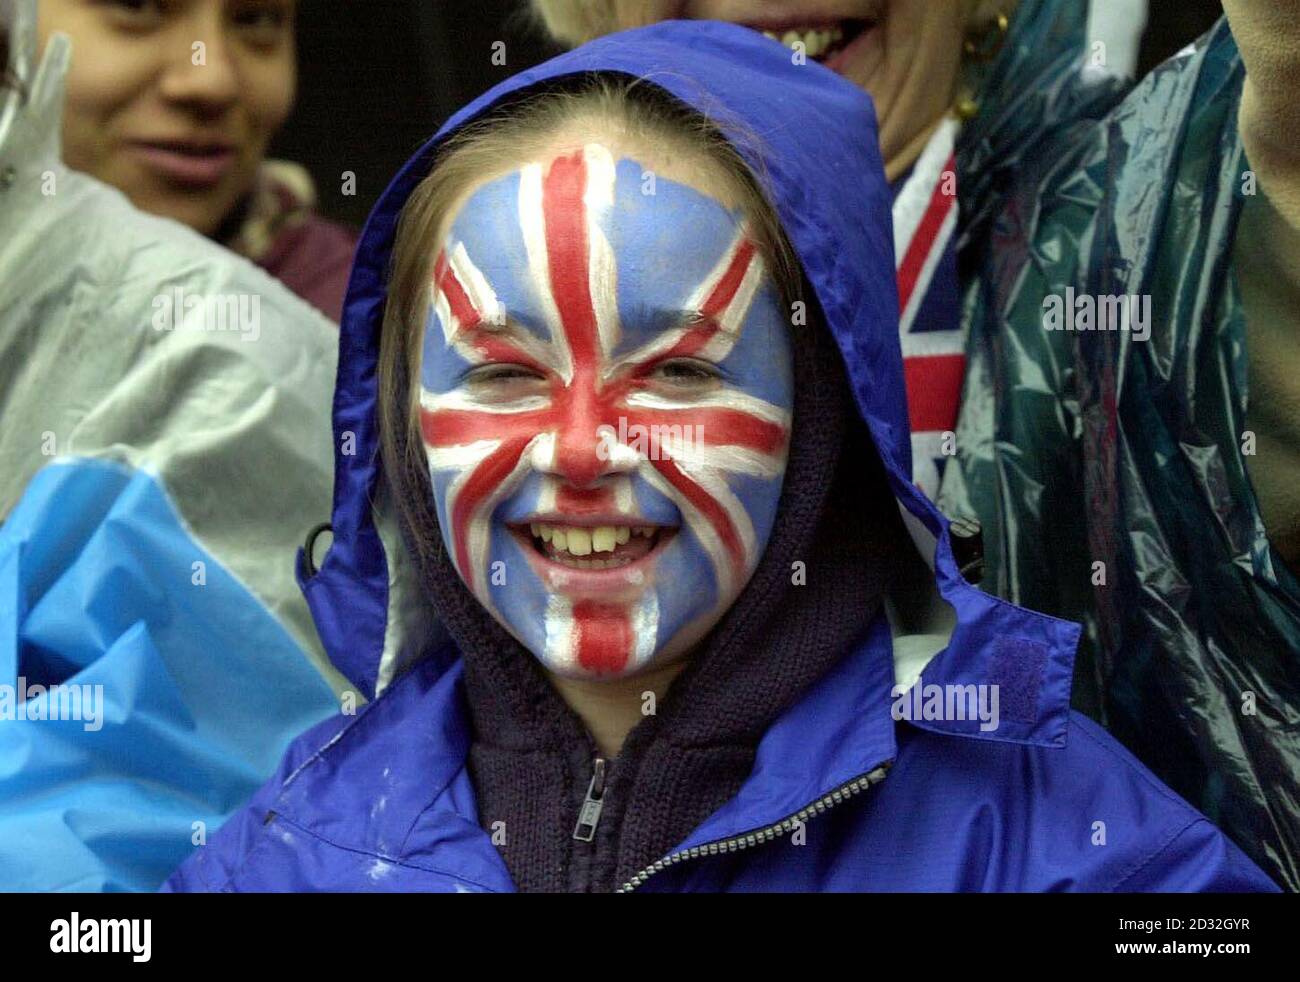 A young spectator with the Union Jack painted on her face waits with early morning spectators to see Britain's Queen Elizabeth II outside Buckingham Palace.   * The Queen and the Duke of Edinburgh will leave Buckingham Palace in a State Gold Coach for a thanksgiving service at St Paul's Cathedral, before returning to watch a parade in The Mall on the final day of the Golden Jubilee. Stock Photo
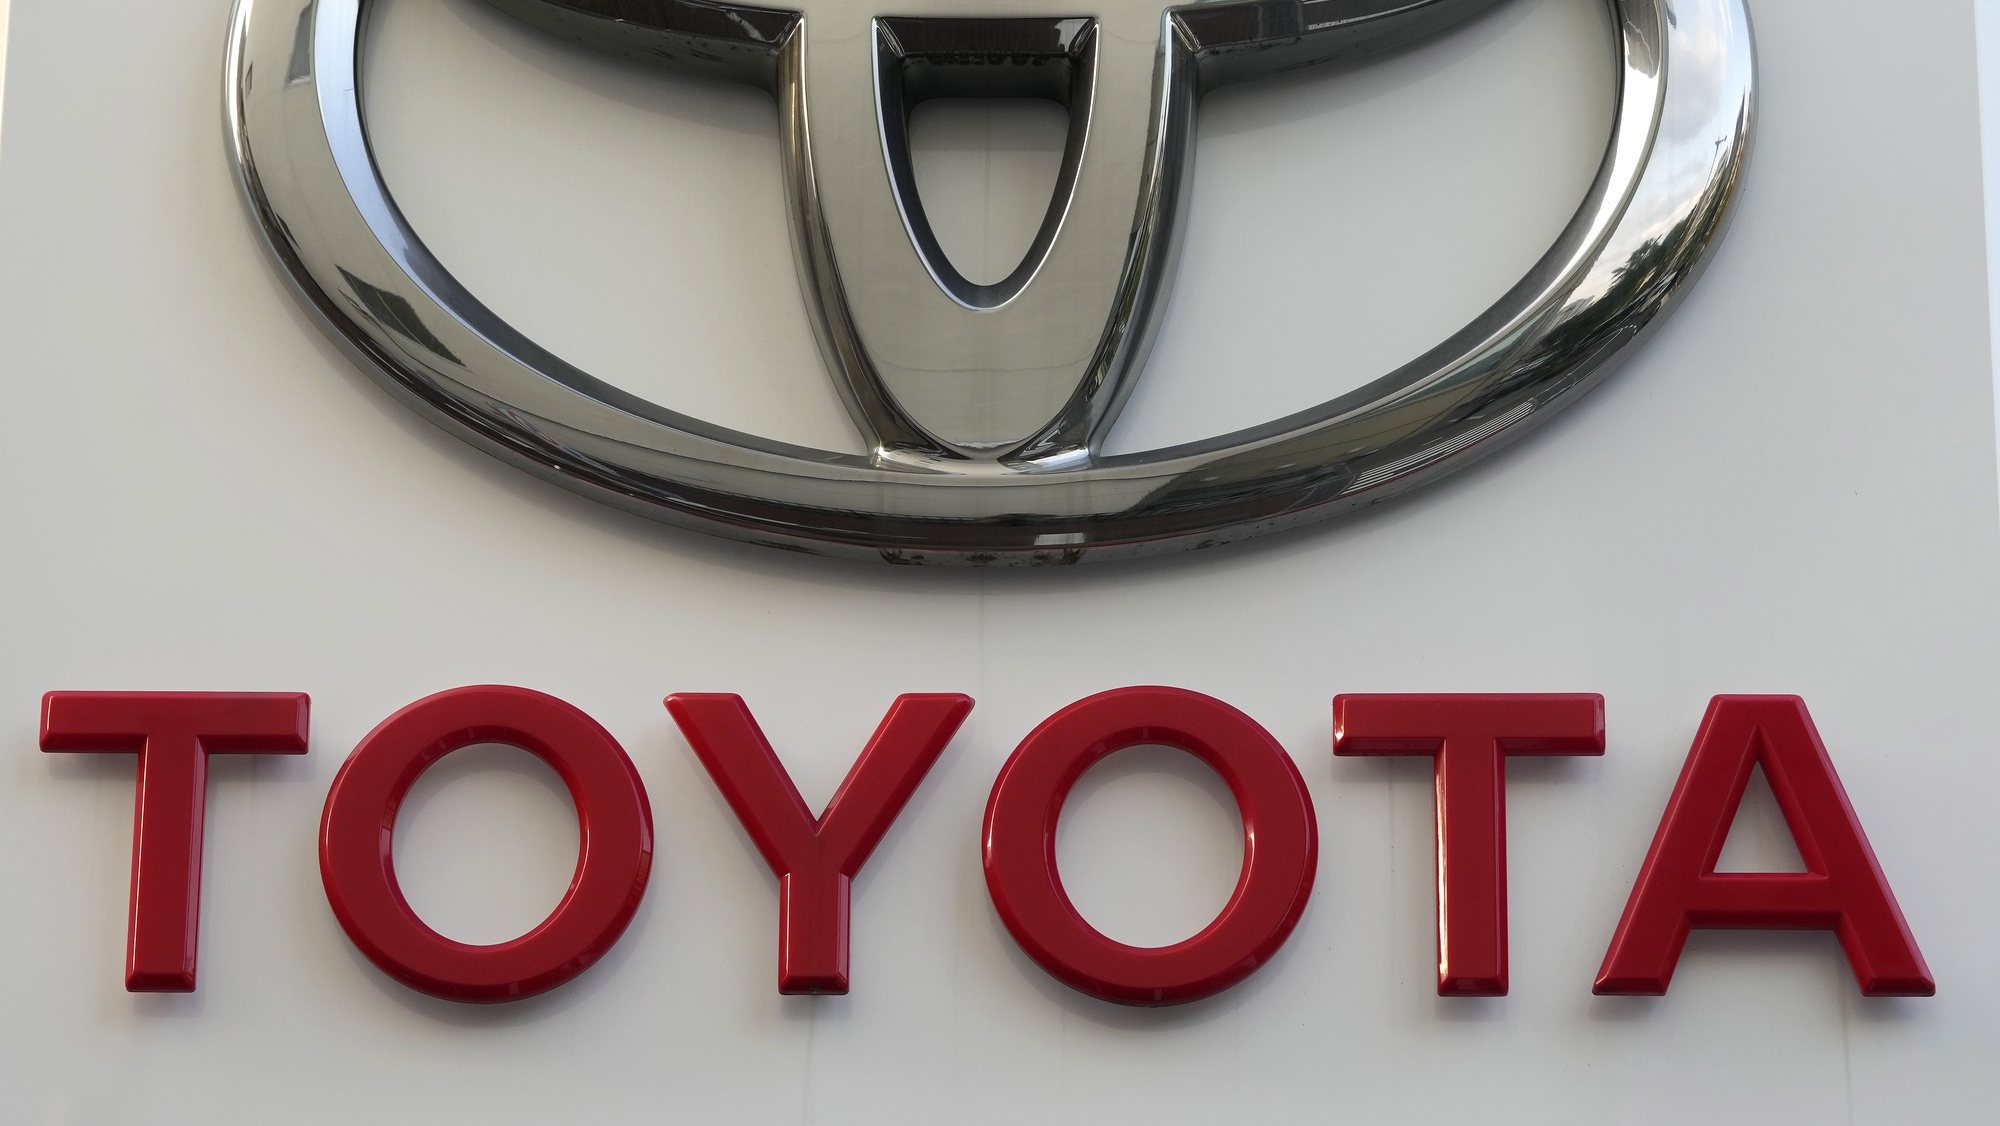 epa09939576 The logo of Toyota Motor Corp. is displayed at a Toyota Motor dealer in Tokyo, Japan, 11 May 2022. Toyota Motor Corp. posted its financial result for the year 2021 ending in March 2022, with an increase of more than 36 percent up to three trillion yen (about 23 billion US dollar), as well as arecord high net profit of 2.85 trillion yen, up 26.9 percent year-on-year.  EPA/KIMIMASA MAYAMA
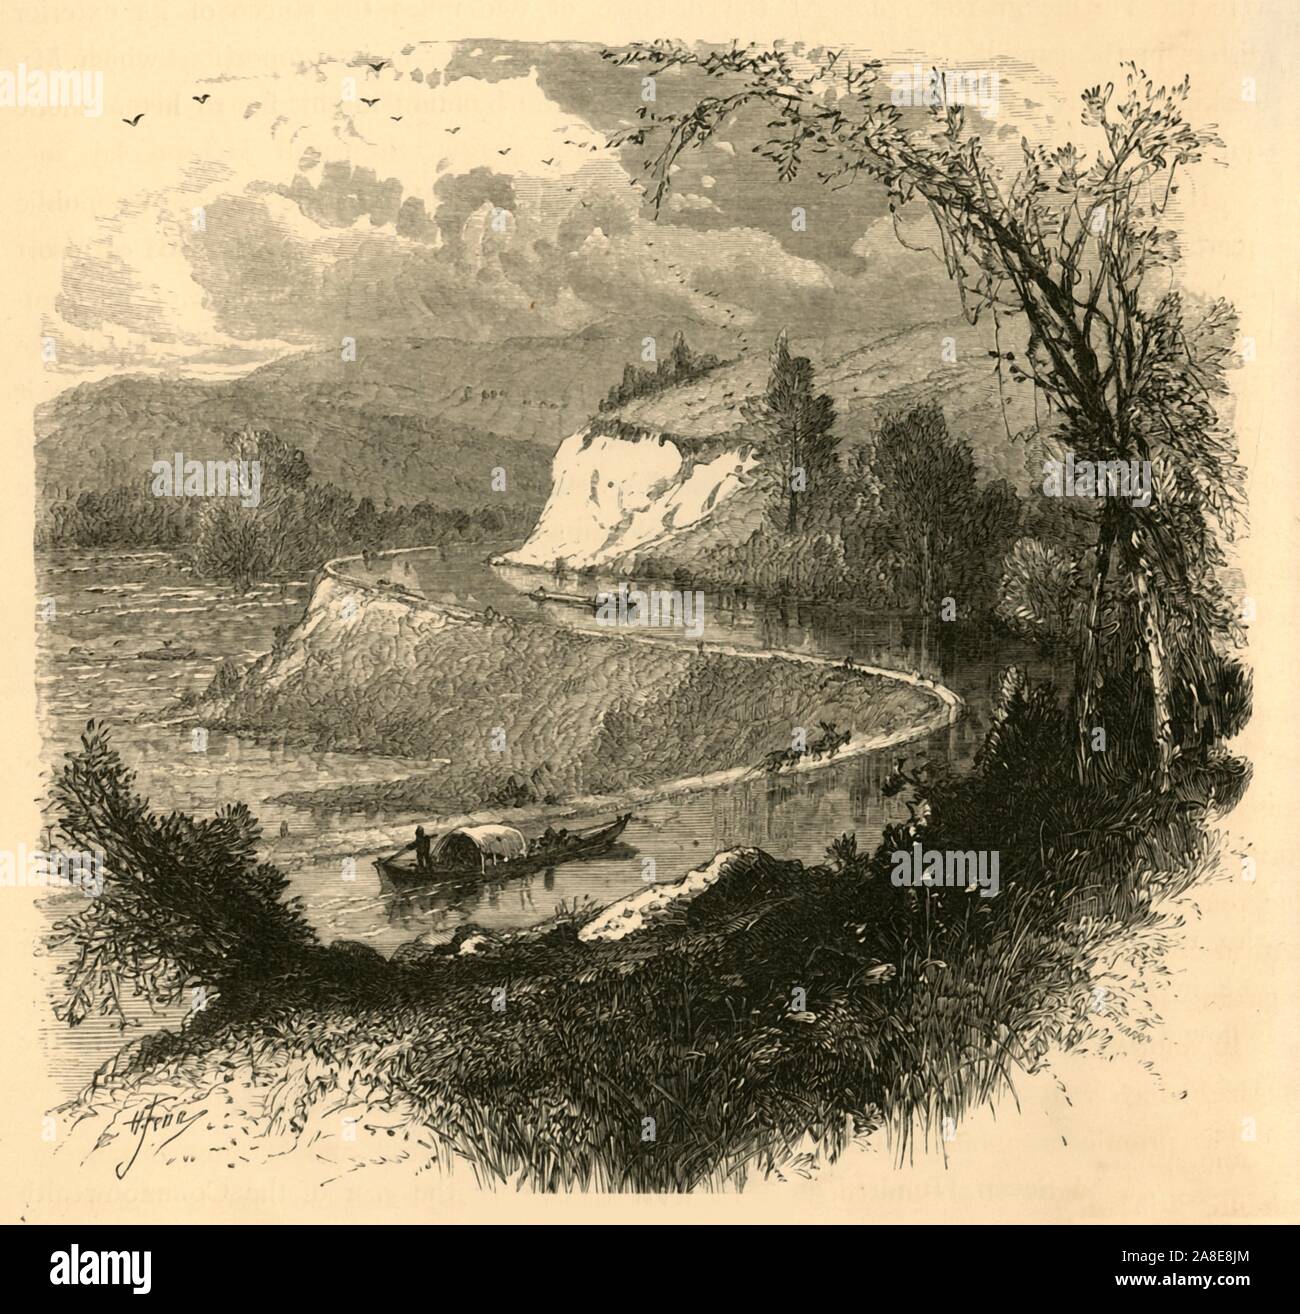 'The James, above Richmond', 1872. The Kanawha Canal and the James River, Virginia, USA. From &quot;Picturesque America; or, The Land We Live In, A Delineation by Pen and Pencil of the Mountains, Rivers, Lakes...with Illustrations on Steel and Wood by Eminent American Artists&quot; Vol. I, edited by William Cullen Bryant. [D. Appleton and Company, New York, 1872] Stock Photo
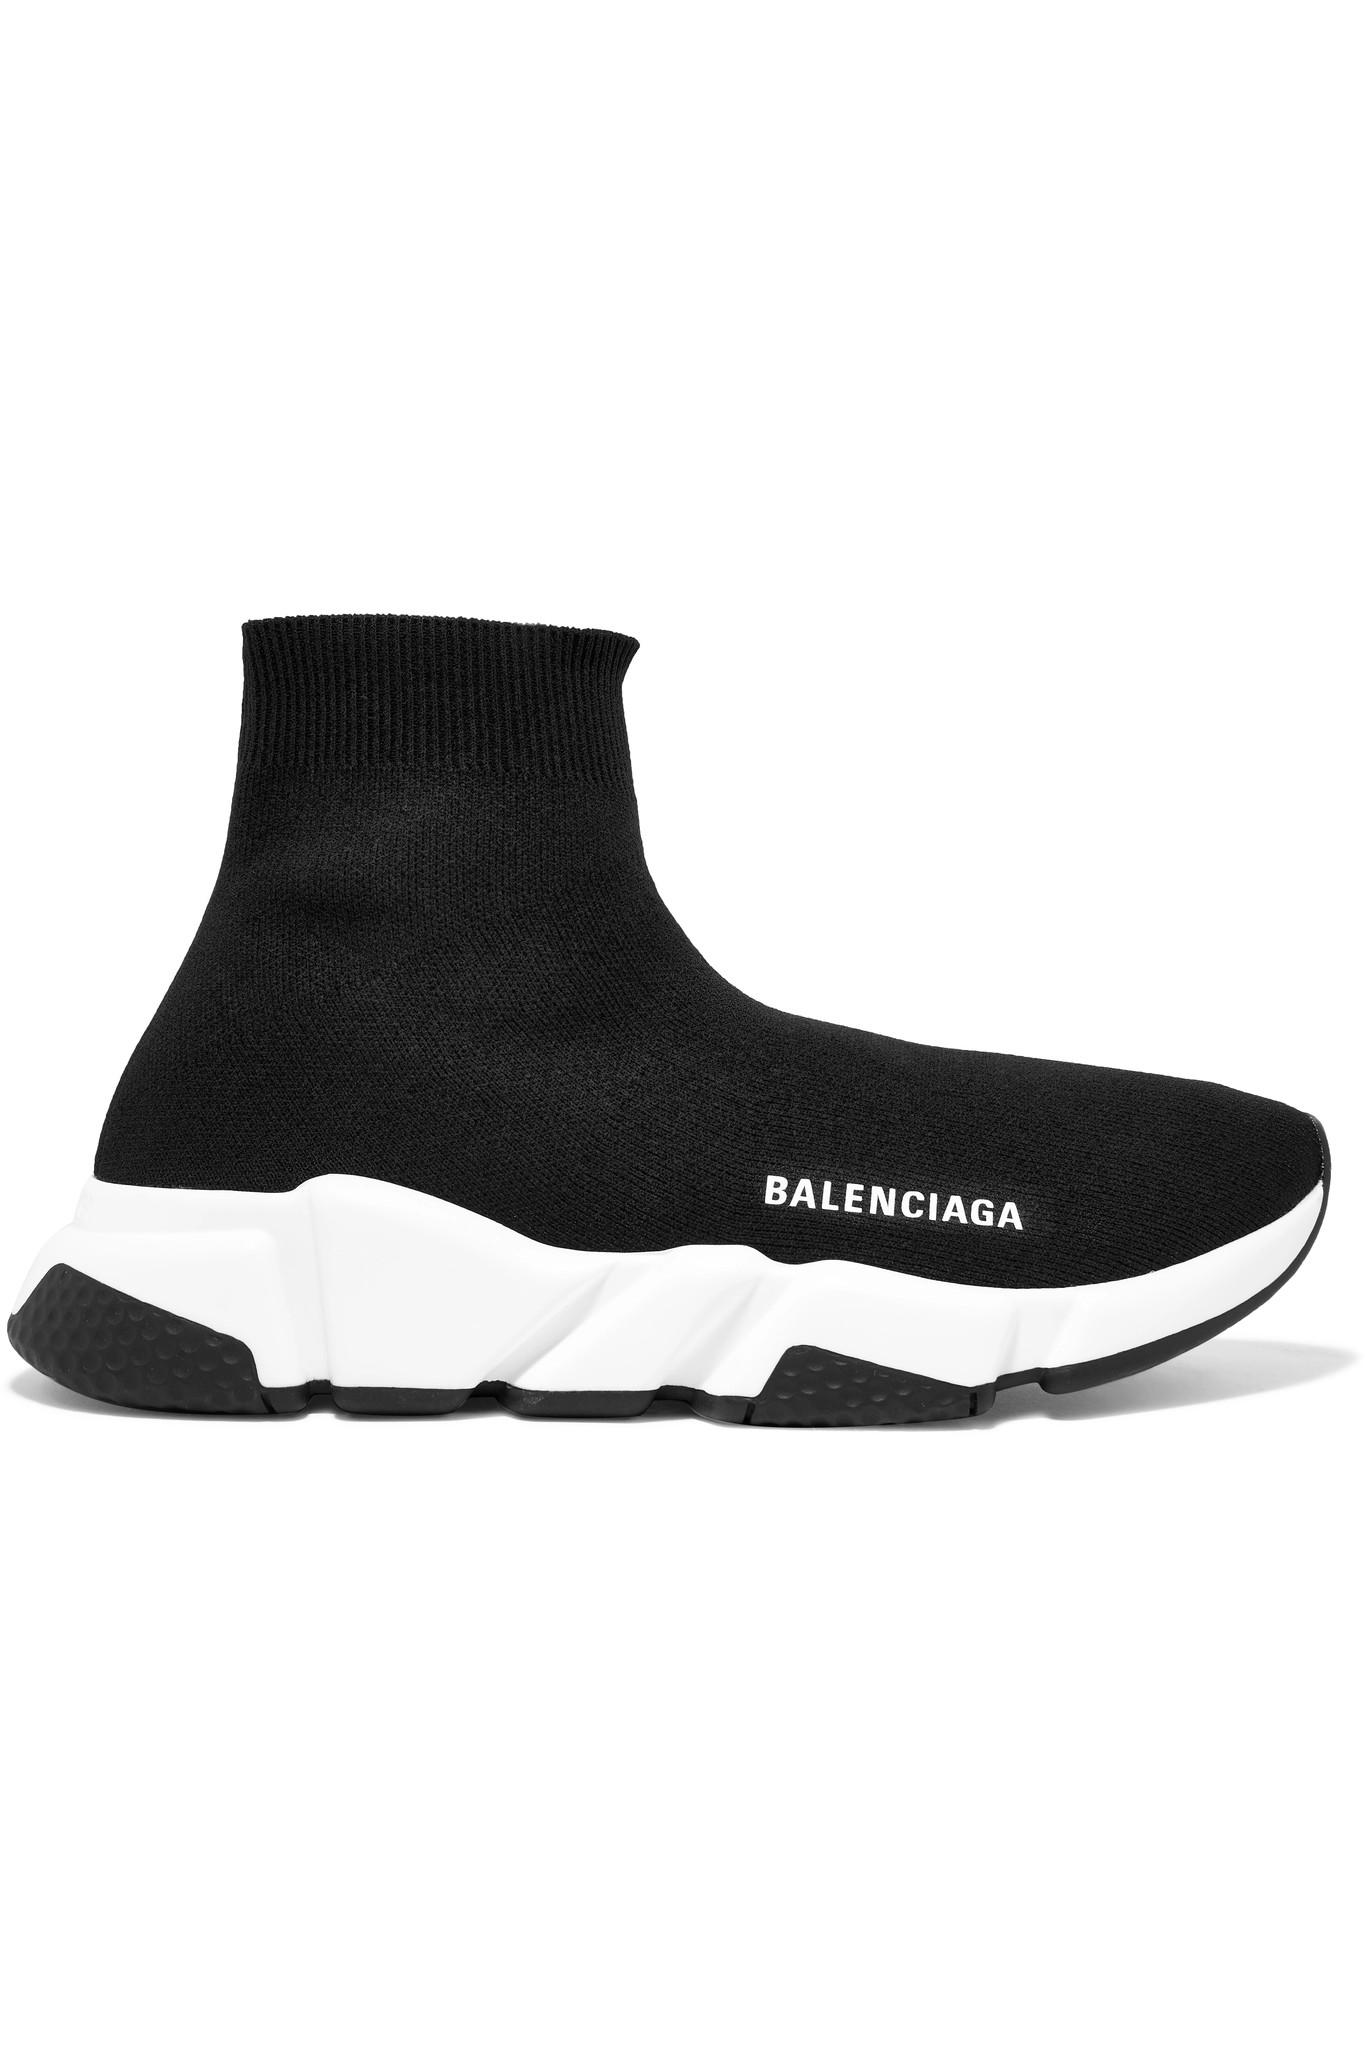 Lyst - Balenciaga Speed Sneakers in Black - Save 24.52830188679245%

★ ★ ★ ★

*DIRECTIONS:*
What is needed is an exact repeat of only the lines from the one containing "1872] Stock Photo" through the last line of the listing above, both ends included, without the pictures.

*ANSWER FOR THIS EXERCISE:*
 'The James, above Richmond', 1872. The Kanawha Canal and the James River, Virginia, USA. From &quot;Picturesque America; or, The Land We Live In, A Delineation by Pen and Pencil of the Mountains, Rivers, Lakes...with Illustrations on Steel and Wood by Eminent American Artists&quot; Vol. I, edited by William Cullen Bryant. [D. Appleton and Company, New York, 1872] Stock Photo
 Lyst - Balenciaga Speed Sneakers in Black - Save 24.52830188679245%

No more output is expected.